I reccomend cheap fish like neon tetras and danios - well anything really that you don't care if it gets eaten, also silver dollers sometimes do well with RBPs.


----------



## piranha45 (Apr 8, 2003)

jasert39 said:


> hold on... so i could get a jack dempsey or a oscar in my 75 with 5 rbp? I have been looking for something else to add. Do you think that these fish will work?


 xenon kept an oscar with his rbp's some months back, the oscar never recieved a bite from them.

Personally though, I would still opt for a dempsey or green terror anyway


----------



## FISHYFISHY (May 19, 2003)

I have a Jack and a huge otiger oscar with my rbp's and their was problems at first. The oscar got his tail nipped at a lot, but it is fine now! And the Jack runs the tank, he is the most aggressive so far, but that will change in a little while.


----------



## Innes (Jan 13, 2003)

FISHYFISHY said:


> I have a Jack and a huge otiger oscar with my rbp's and their was problems at first. The oscar got his tail nipped at a lot, but it is fine now! And the Jack runs the tank, he is the most aggressive so far, but that will change in a little while.

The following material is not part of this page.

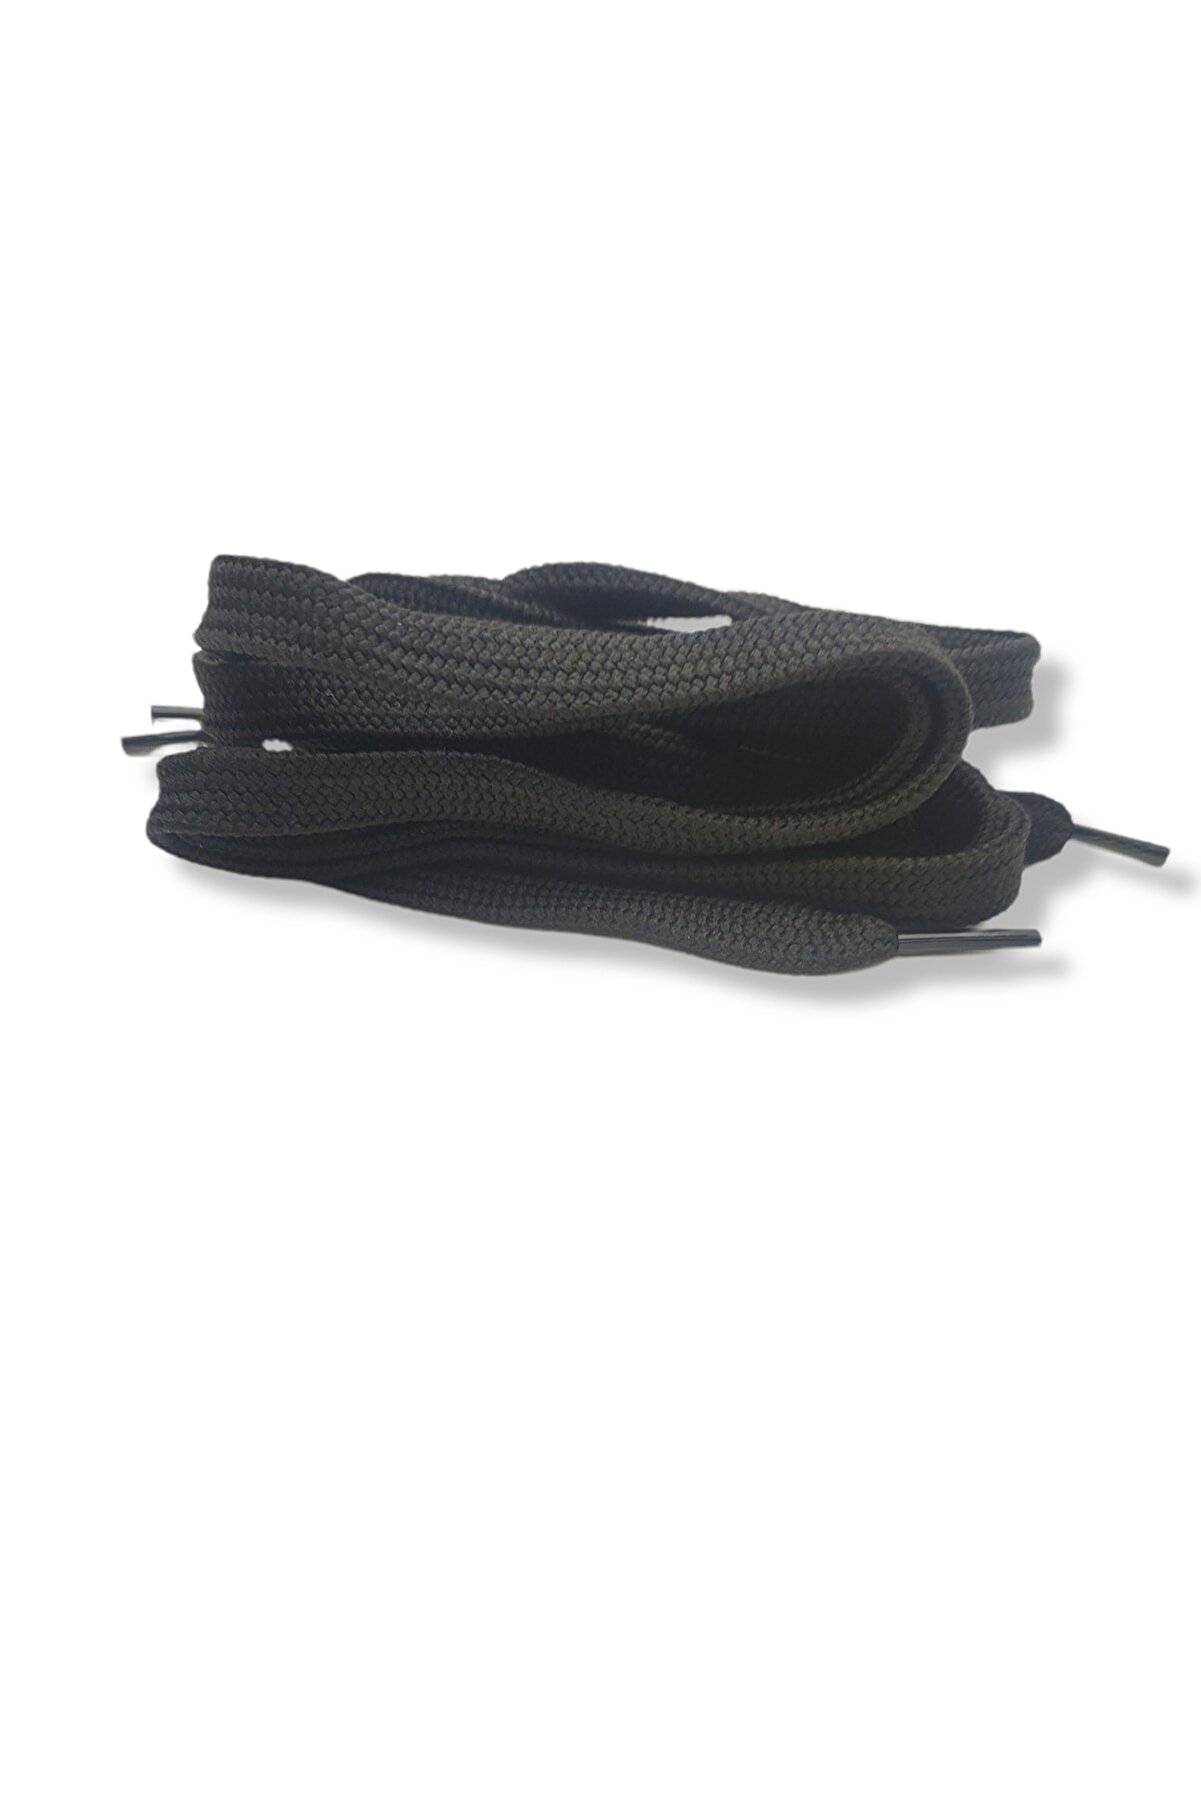 Öztürk Kundura Spor Ayakkabı Bağcığı 120 Cm 1 Çift Siyah
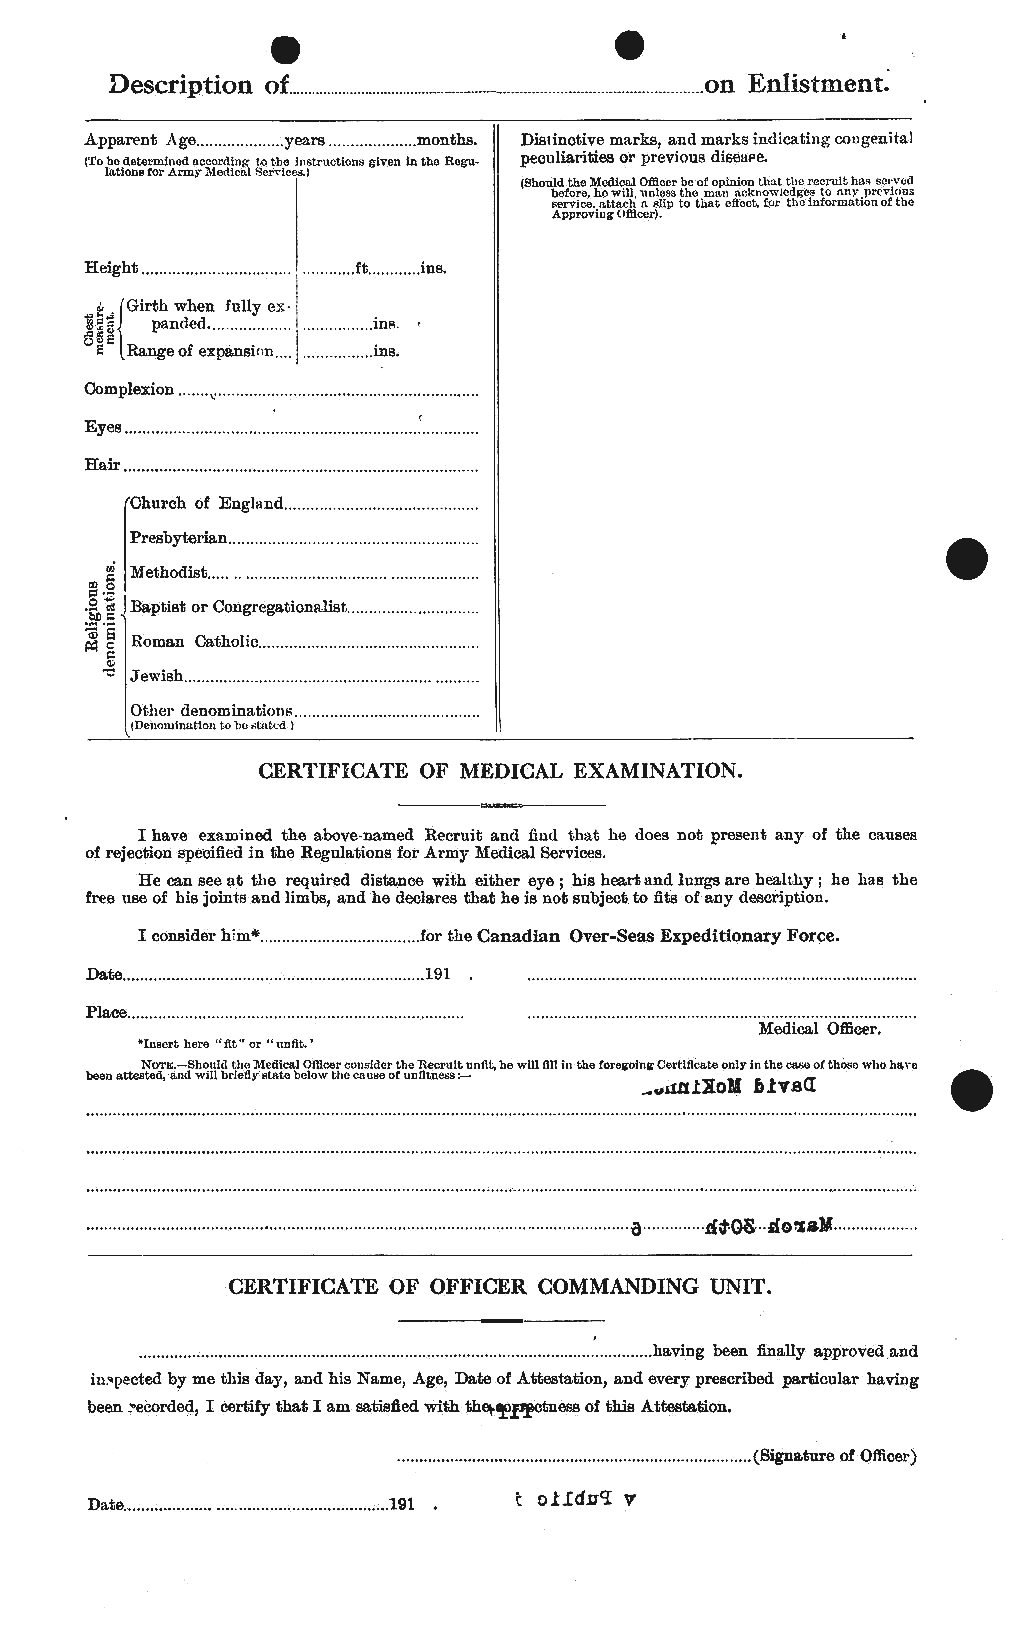 Dossiers du Personnel de la Première Guerre mondiale - CEC 531346b

 I believe it, as I had a severum with my piranhas, but one dat the piranhas will have a bit and it may or may not cause serious damage, but if it doesn't you should consider yourself lucky and move the cichlids


----------



## piranha45 (Apr 8, 2003)

FISHYFISHY said:


> the Jack runs the tank, he is the most aggressive so far, but that will change in a little while.


 OR SO YOU THINK, as I said.


----------